Normalization¶
Normalization corrects systematic biases so that intensity differences between samples reflect true biological variation rather than technical artifacts.
mokume applies normalization at two levels: run-level (within samples) and sample-level (across samples).
Pipeline Overview¶
graph LR
A[Raw Features] --> B[Run Normalization]
B --> C[Peptidoform Aggregation]
C --> D[Sample Normalization]
D --> E[Protein Quantification]
style B fill:#e8eaf6
style D fill:#e8eaf6
Run-Level Normalization¶
Run normalization (--run-normalization) adjusts for intensity differences between technical replicates within each sample. Applied when technical_replicates > 1.

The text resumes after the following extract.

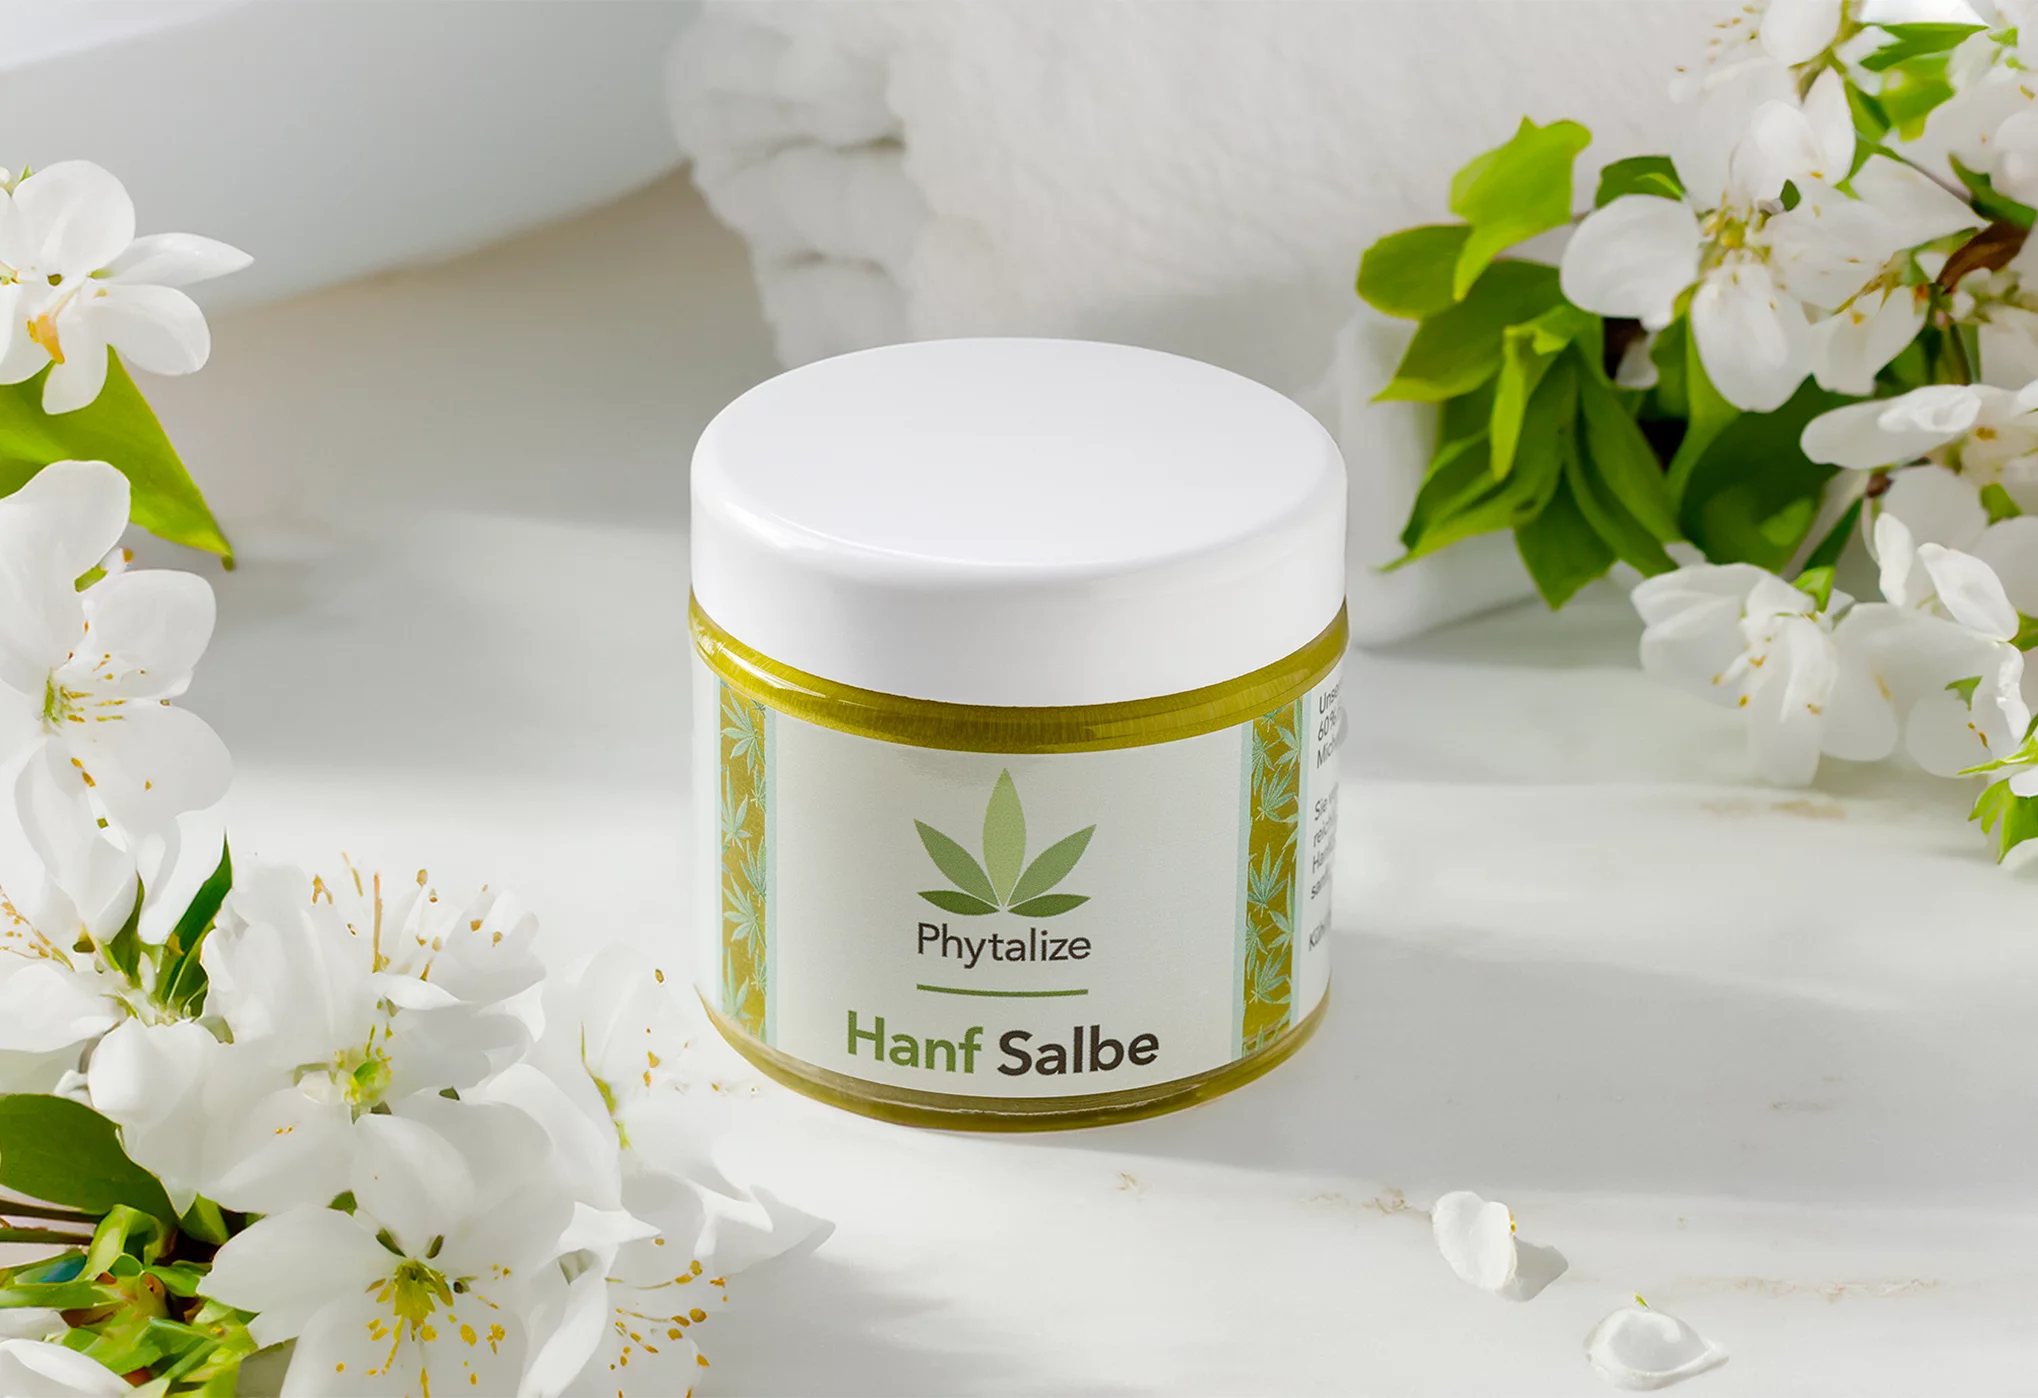 Back in stock!
Discover our rich, nourishing ointment with 60 % hemp oil now! It pampers stressed, dry skin and gives it a particularly supple feel. Now available in a new design under the brand name Phytalize!

| Method | Description | Formula |
|---|---|---|
median |
Normalize by median | intensity / median(intensity) |
mean |
Normalize by mean | intensity / mean(intensity) |
max |
Normalize by max | intensity / max(intensity) |
global |
Normalize by sum | intensity / sum(intensity) |
max_min |
Min-max scaling | (intensity - min) / (max - min) |
iqr |
Interquartile range | Uses IQR for scaling |
none |
No normalization | — |
Sample-Level Normalization¶
Sample normalization (--sample-normalization) adjusts for systematic differences across samples. These methods fall into two categories:
Per-Sample Methods¶
Applied during data loading, one sample at a time:
| Method | Description |
|---|---|
globalMedian |
Divides each sample by its median, normalized to the global median |
conditionMedian |
Same as globalMedian but within each experimental condition |
none |
No normalization |
Dataset-Level Methods¶
Applied after all samples are loaded, operating on the complete dataset:
| Method | Description |
|---|---|
hierarchical |
DirectLFQ-style hierarchical clustering normalization |
tmm |
Trimmed Mean of M-values (Robinson & Oshlack, 2010) |
When to use hierarchical normalization
Use --sample-normalization hierarchical when you want DirectLFQ-style normalization combined with a different quantification method (e.g., iBAQ). This gives you the normalization quality of DirectLFQ with the quantification approach of your choice.
Global Median¶
The default method. For each sample, computes:
$$\text{normalized} = \frac{\text{intensity}}{\text{sample_median} / \text{global_median}}$$
This ensures all samples have comparable median intensities.
Hierarchical Normalization¶
Uses the DirectLFQ hierarchical clustering approach (Ammar et al., 2023) implemented natively in mokume:
- Convert to log2 scale
- Align samples using variance-guided pairwise normalization
- Convert back to linear scale
You can optionally specify a set of proteins to use for normalization:
mokume features2proteins -p data.parquet -o out.csv \
--sample-normalization hierarchical \
--normalization-proteins housekeeping_proteins.txt
TMM Normalization¶
Trimmed Mean of M-values computes normalization factors robust to composition bias from highly abundant proteins. Based on Robinson & Oshlack (2010).
DirectLFQ Mode¶
DirectLFQ handles its own normalization
When using --quant-method directlfq, mokume delegates all processing (normalization + quantification) to the DirectLFQ package. The --run-normalization and --sample-normalization options are ignored.